* **Task input**

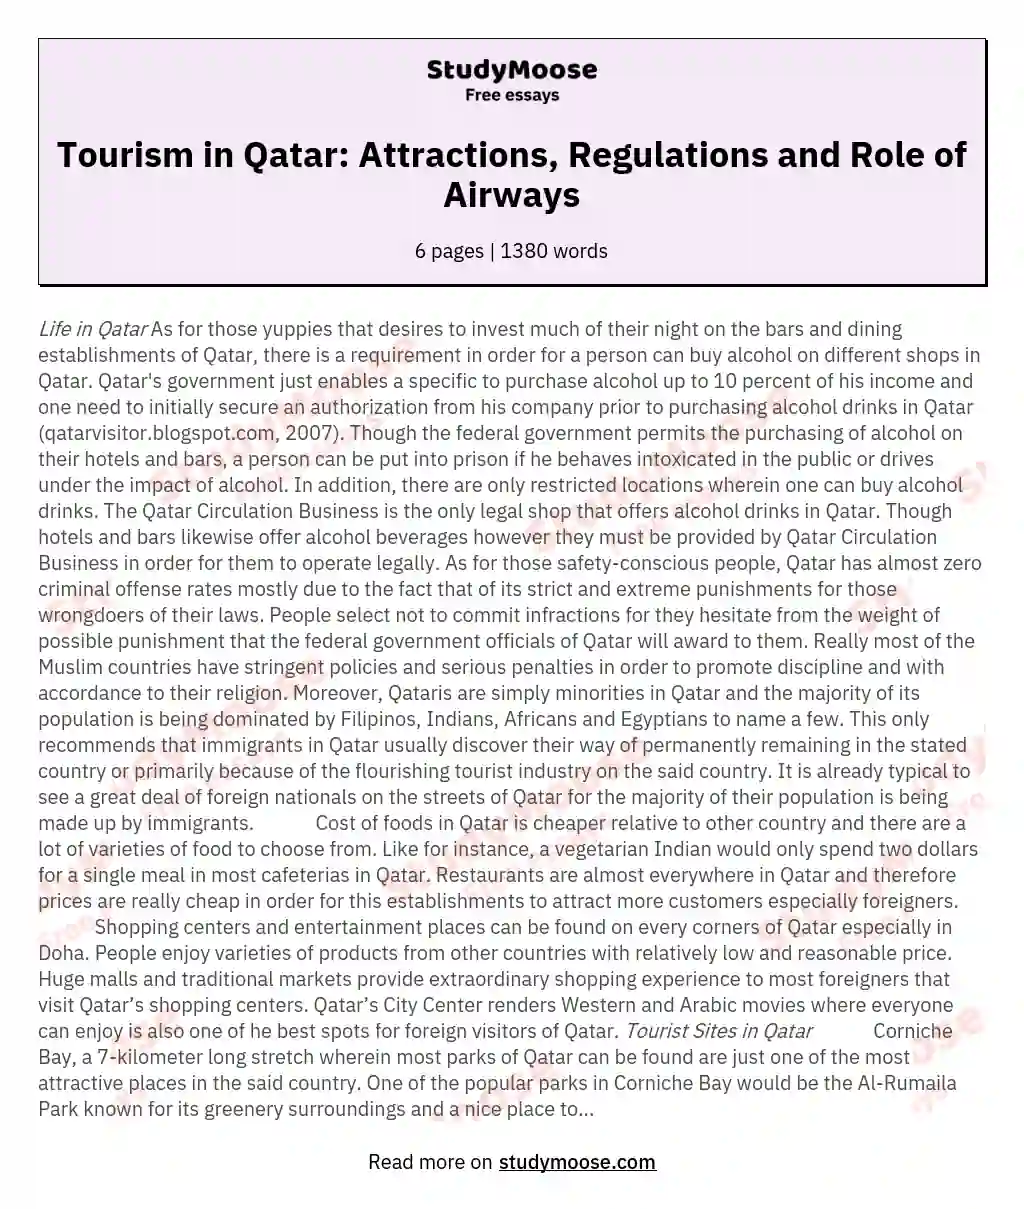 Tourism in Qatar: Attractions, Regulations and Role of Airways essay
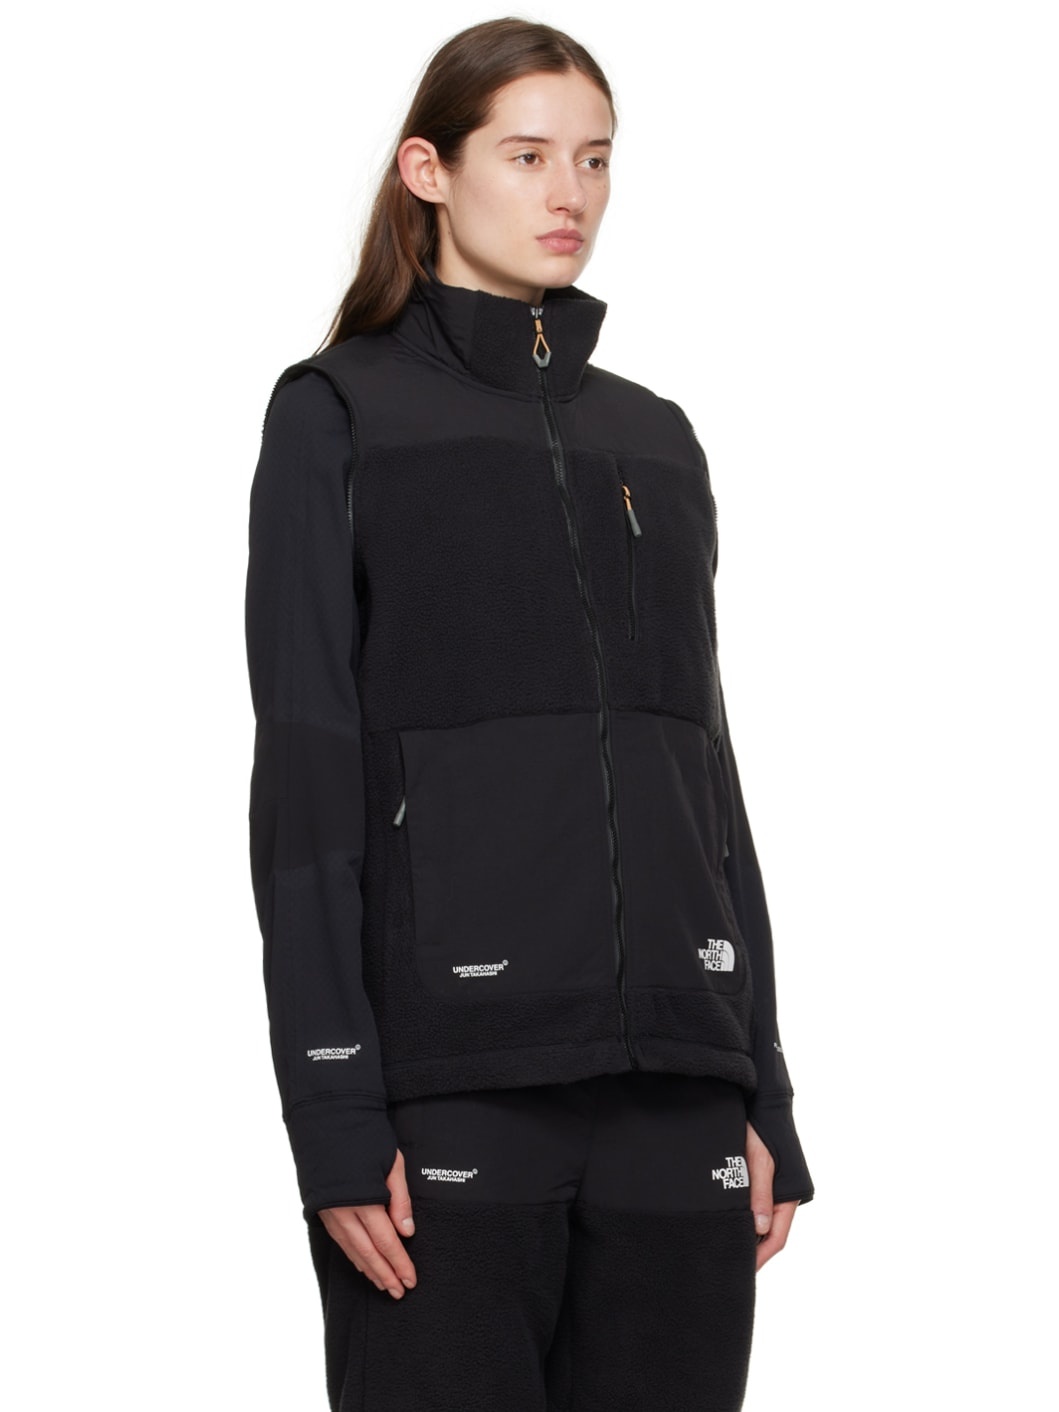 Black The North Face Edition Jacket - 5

* * *

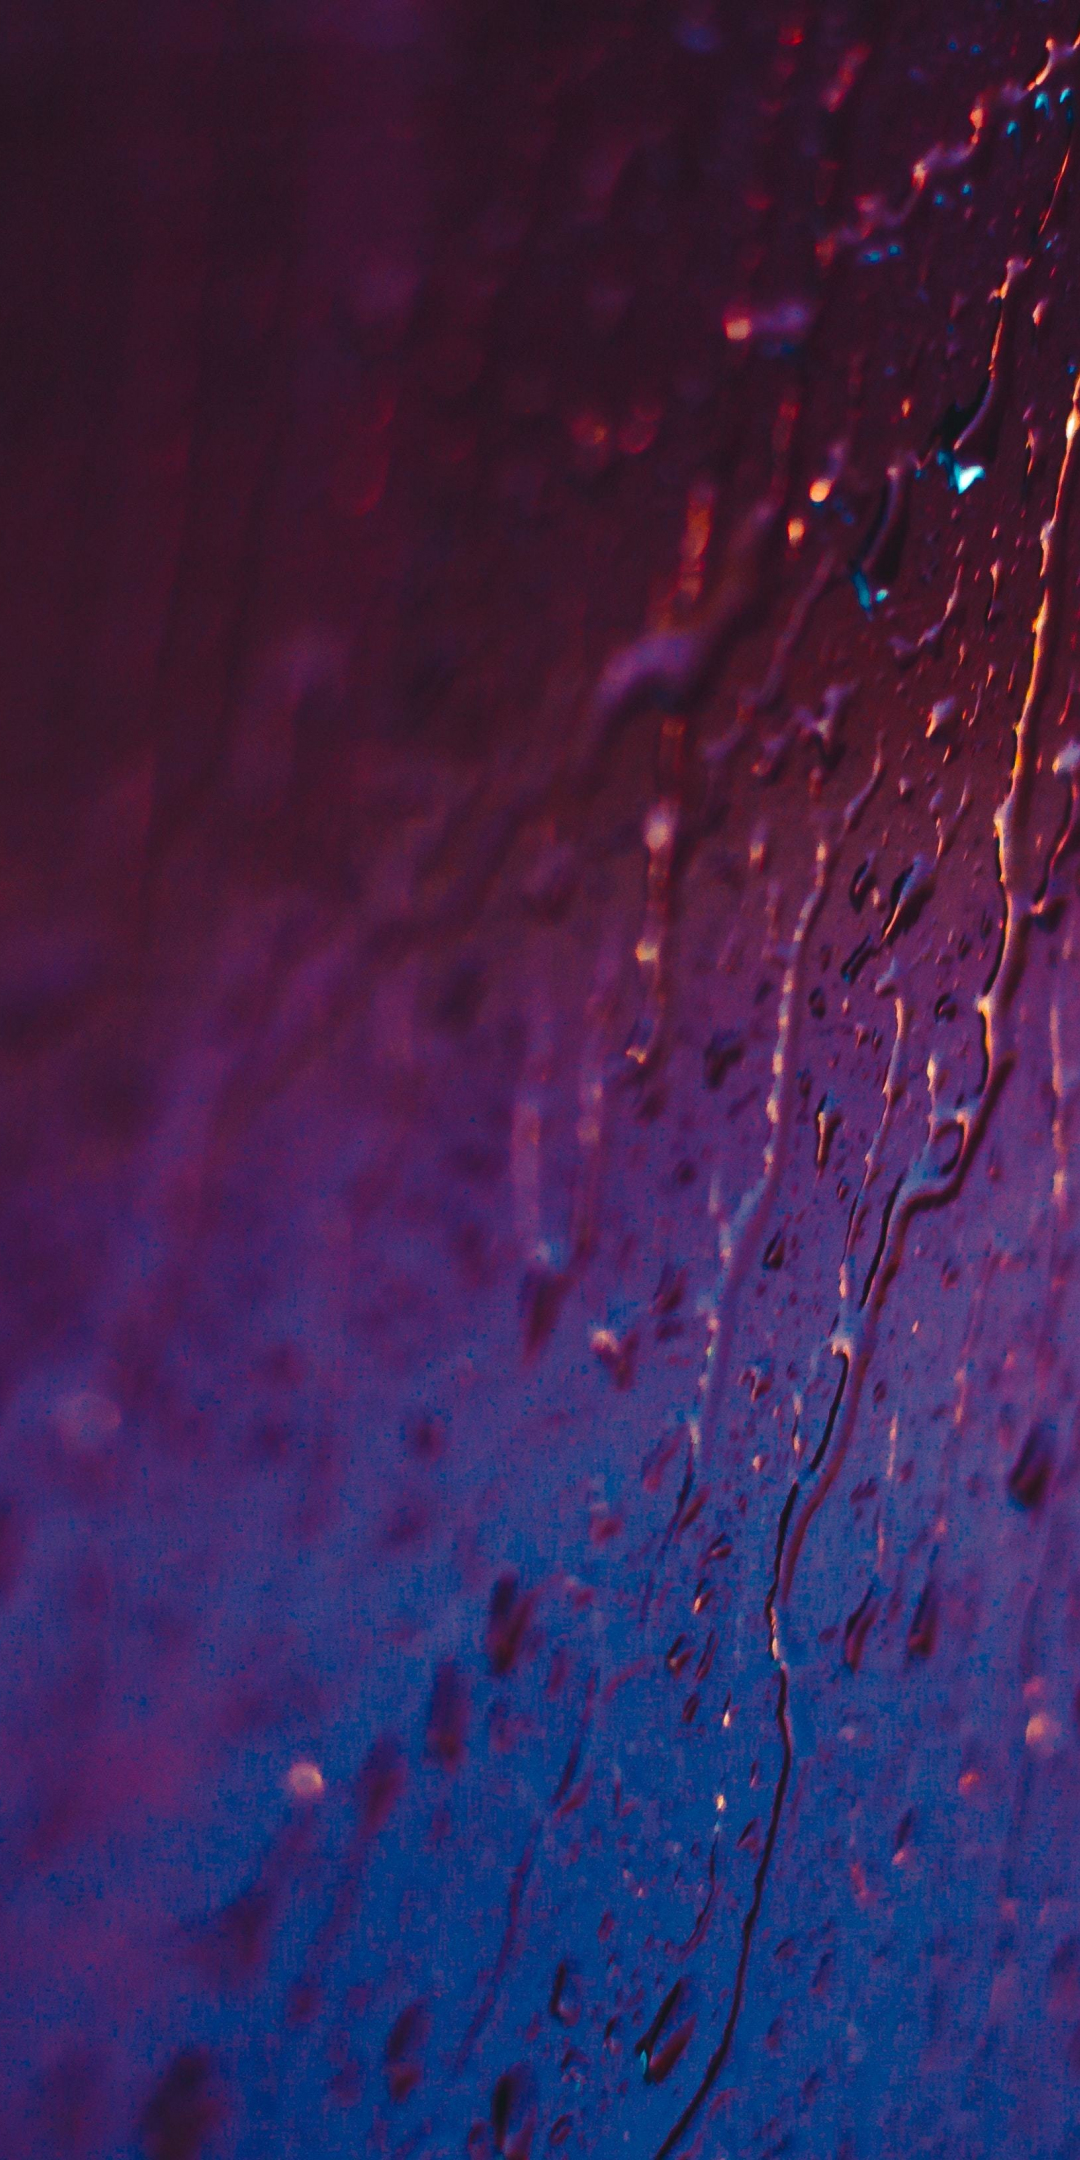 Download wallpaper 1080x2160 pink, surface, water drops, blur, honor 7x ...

* **Work to be completed**
From the material above, reproduce only what runs from the line holding "Tourism in Qatar: Attractions, Regulations" down to the line holding "Black The North Face Edition Jacket - 5", both included, pictures excluded.

* **Exercise solution**
 Tourism in Qatar: Attractions, Regulations and Role of Airways essay
 Black The North Face Edition Jacket - 5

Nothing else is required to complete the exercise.